Use Cases for **kwargs

  • Variable Number of Keyword Arguments:
    • Use **kwargs when you want to allow the function to handle more keyword arguments than initially specified.
    • This is useful when the number of named inputs is unknown or variable.

Example: Student Information:

def print_student_info(**info):
    for key, value in info.items():
        print(f"{key}: {value}")

print_student_info(name="John", age=18, grade="A")
# Output:
# name: John
# age: 18
# grade: A

Summary

  • Arbitrary Keyword Arguments: Use **kwargs to allow a function to accept a variable number of keyword arguments.
  • Dictionary of Arguments: The **kwargs parameter collects arguments into a dictionary.
  • Accessing Arguments: Access items in the kwargs dictionary using keys.
  • Flexible Functions: **kwargs makes functions more flexible and adaptable to different numbers of named inputs.

Return Values in Python Functions

  • Definition:
    • To let a function return a value, use the return statement.

Example:

def my_function(x):
    return 5 * x

print(my_function(3))  # Output: 15
print(my_function(5))  # Output: 25
print(my_function(9))  # Output: 45

Key Points

  1. Return Statement:
    • The return statement is used to exit a function and return a value to the caller.
    • The value to be returned is specified after the return keyword.
  2. Function Call:
    • When you call a function that returns a value, you can use the returned value in your code.
    • In the example, the function my_function multiplies the input x by 5 and returns the result.
  3. Using Returned Values:
    • You can store the returned value in a variable or directly use it in expressions or other function calls.

Example with Variable

Example:

def add(a, b):
    return a + b

result = add(3, 4)
print(result)  # Output: 7

Example with Conditional Logic

Example:

def is_even(number):
    if number % 2 == 0:
        return True
    else:
        return False

print(is_even(4))  # Output: True
print(is_even(5))  # Output: False

Summary

  • Returning Values: Use the return statement to return a value from a function.
  • Function Call: The returned value can be used in further expressions or stored in variables.
  • Versatility: The return statement allows functions to produce outputs that can be used in various ways, enhancing the versatility and reusability of functions.
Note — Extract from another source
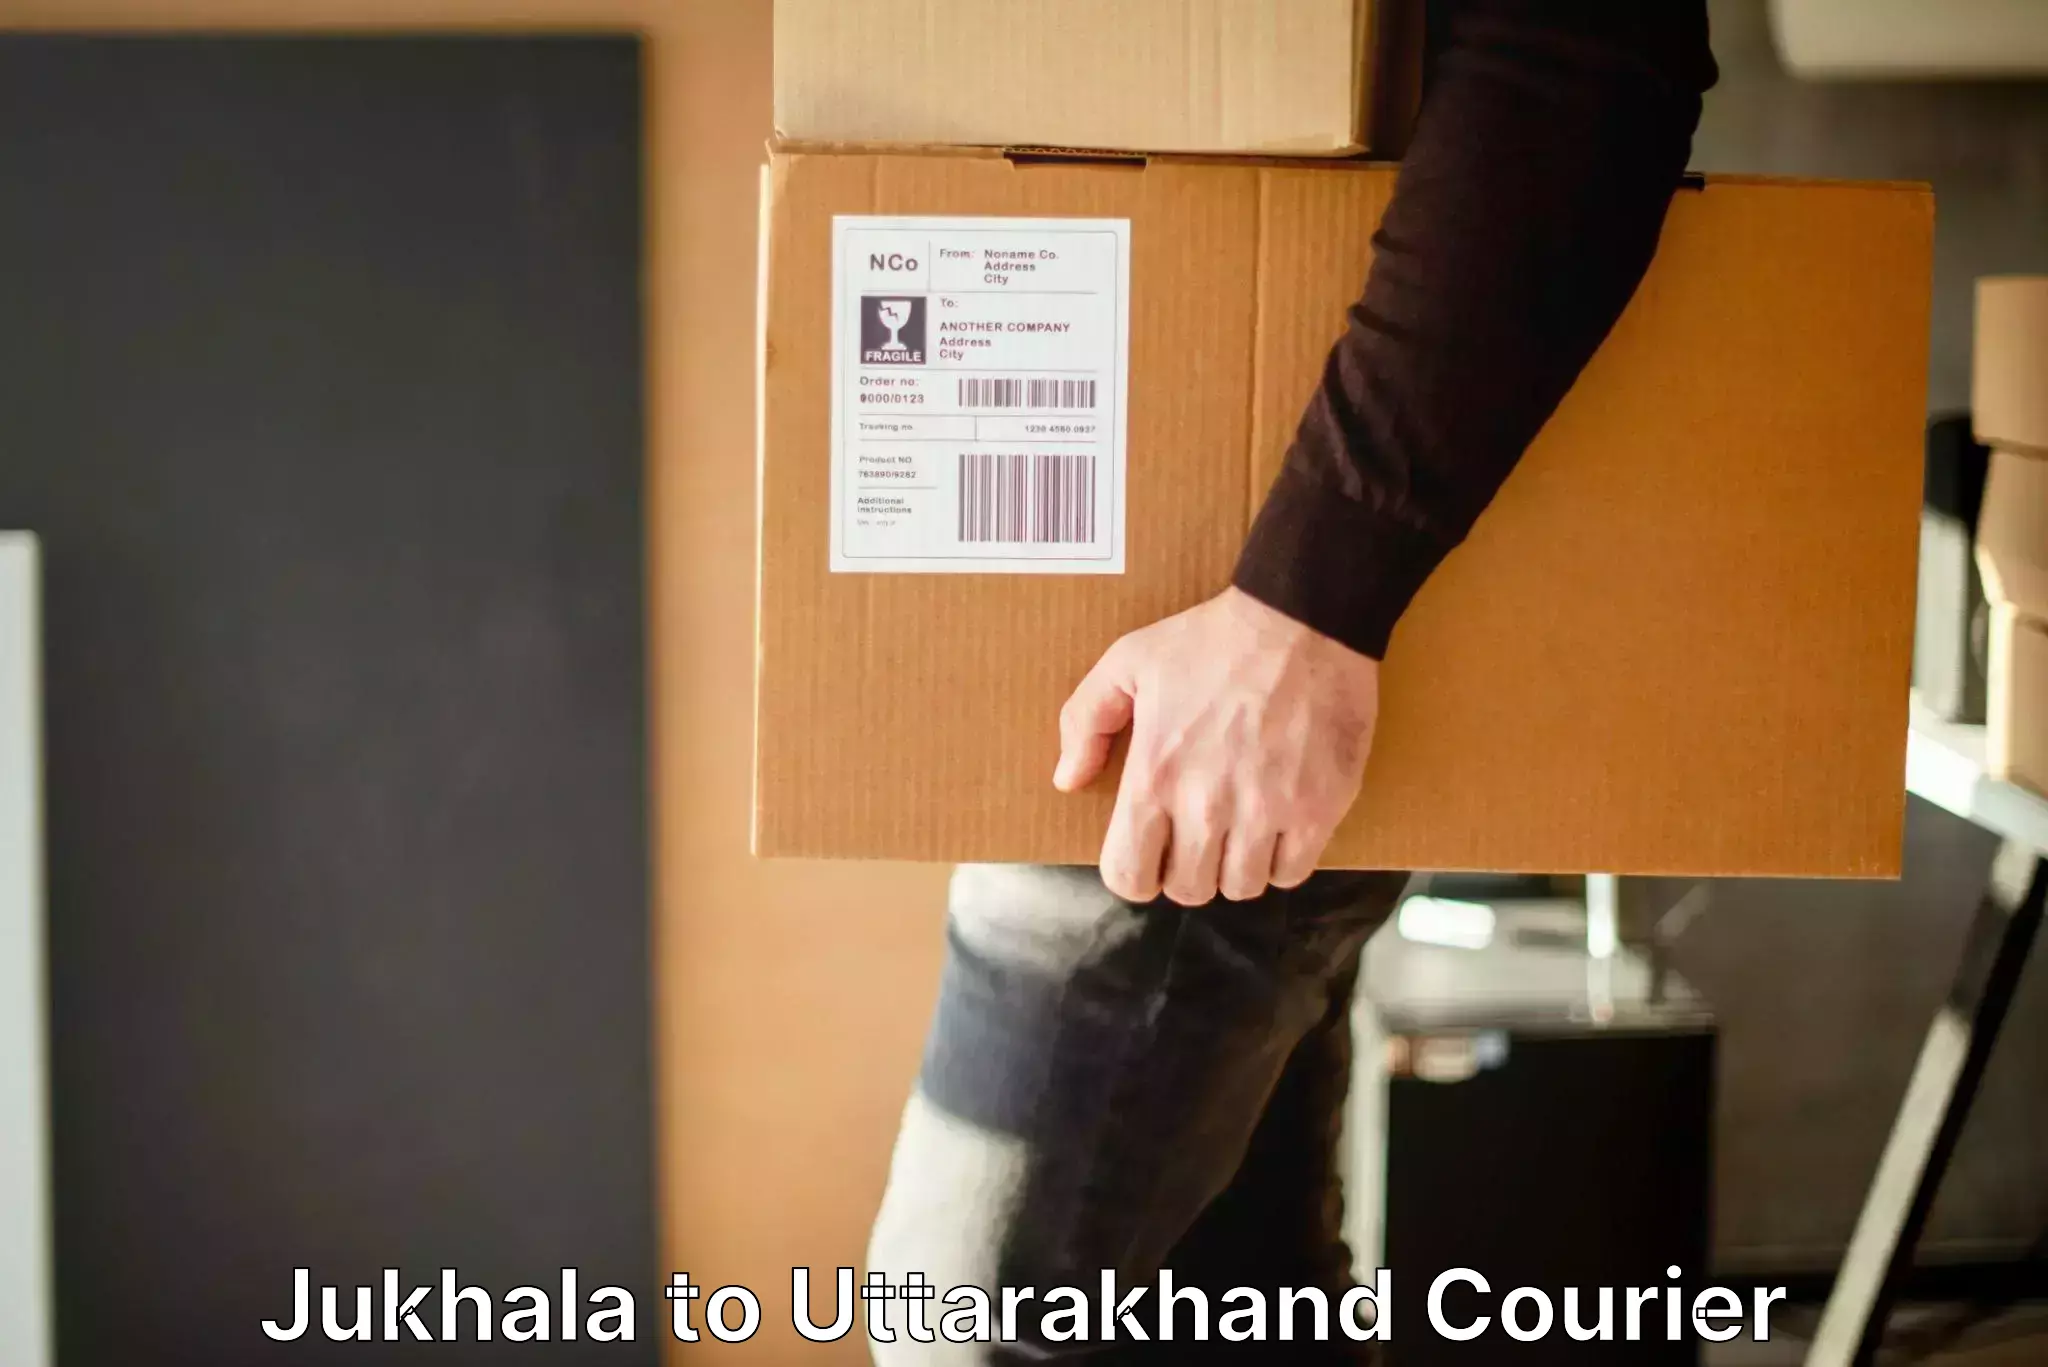 Luggage transit service Jukhala to Uttarakhand

2.Recursion Functions in Python

Recursion in Python

  • Definition:
    • Python accepts function recursion, which means a defined function can call itself.
    • This allows a function to be used in complex calculations that can be broken down into simpler sub-problems.
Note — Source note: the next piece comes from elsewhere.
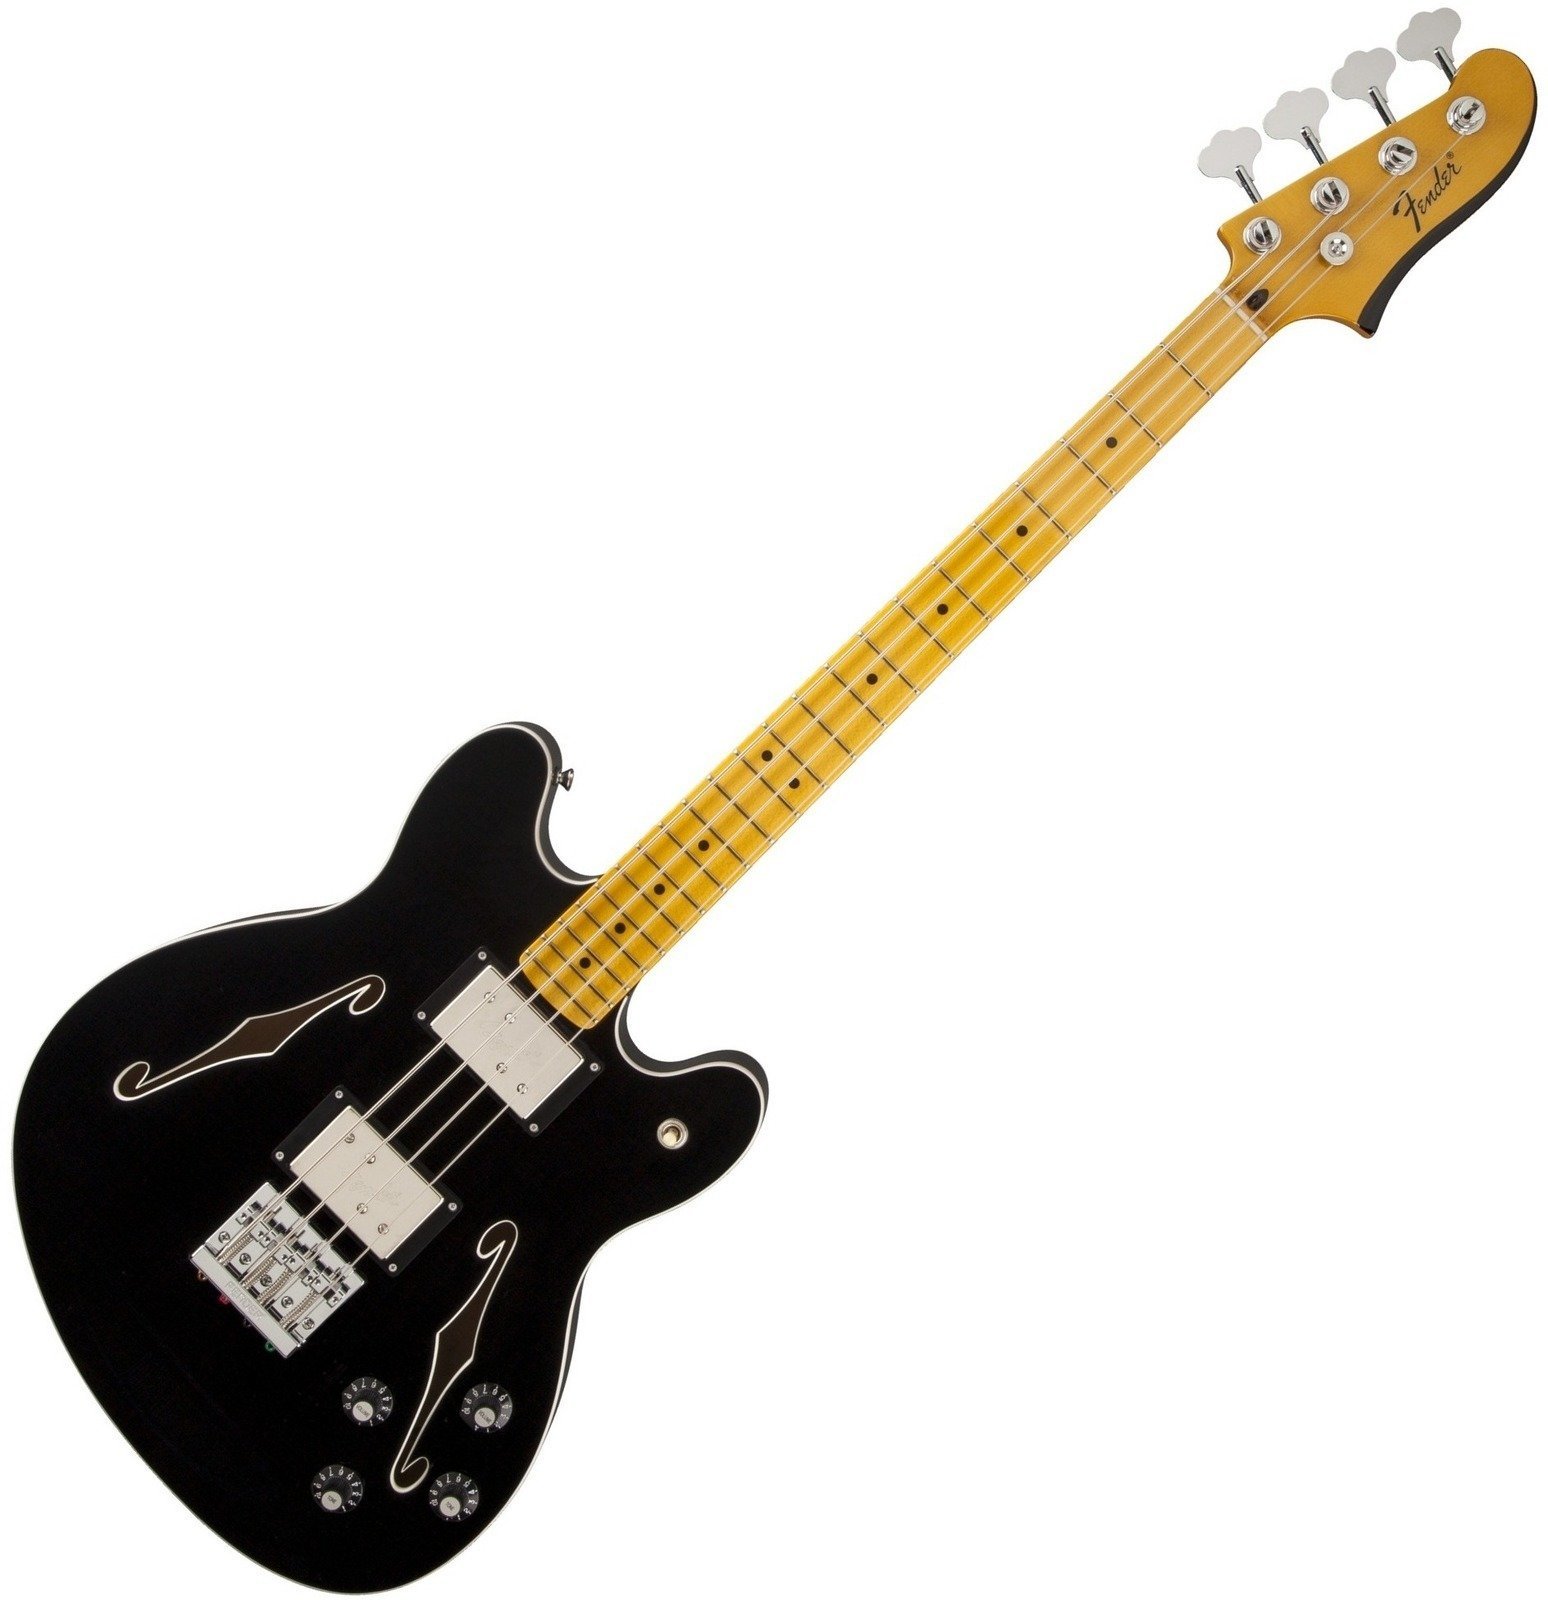 Semiakustická baskytara Fender Starcaster Bass Black

Example: Factorial Calculation

  • Factorial Definition:
    • The factorial of a number 𝑛n is the product of all positive integers less than or equal to 𝑛n.
    • For example, 5!=5×4×3×2×1=1205!=5×4×3×2×1=120.

Example Code:

def factorial(x):
    if x == 1:
        return 1
    else:
        return x * factorial(x - 1)

print(factorial(3))  # Output: 6

Key Points

  1. Base Case:
    • Every recursive function must have a base case that stops the recursion.
    • In the example, the base case is if x == 1: return 1.
  2. Recursive Case:
    • The part of the function where it calls itself with a modified argument.
    • In the example, the recursive case is return x * factorial(x - 1).
  3. Function Call:
    • The function factorial is called with an argument 3.
    • It calls itself with the argument 2, then 1, and so on until the base case is met.

Step-by-Step Execution

  • Step 1: Call factorial(3)
    • Not base case, so returns 3 * factorial(2)
  • Step 2: Call factorial(2)
    • Not base case, so returns 2 * factorial(1)
  • Step 3: Call factorial(1)
    • Base case met, returns 1
  • Step 4: Back to factorial(2)
    • Returns 2 * 1 = 2
  • Step 5: Back to factorial(3)
    • Returns 3 * 2 = 6

Summary

  • Recursion: A function calls itself to solve smaller instances of the same problem.
  • Base Case: Stops the recursion to prevent infinite loops.
  • Recursive Case: Calls the function itself with a modified argument.
  • Use Cases: Suitable for problems that can be broken down into smaller, similar problems (e.g., factorials, Fibonacci sequences, tree traversal).

3.Anonymous Function or Lambda Function in Python

Anonymous or Lambda Functions

  • Definition:
    • A lambda function is a small anonymous function.
    • A lambda function can take any number of arguments but can only have one expression.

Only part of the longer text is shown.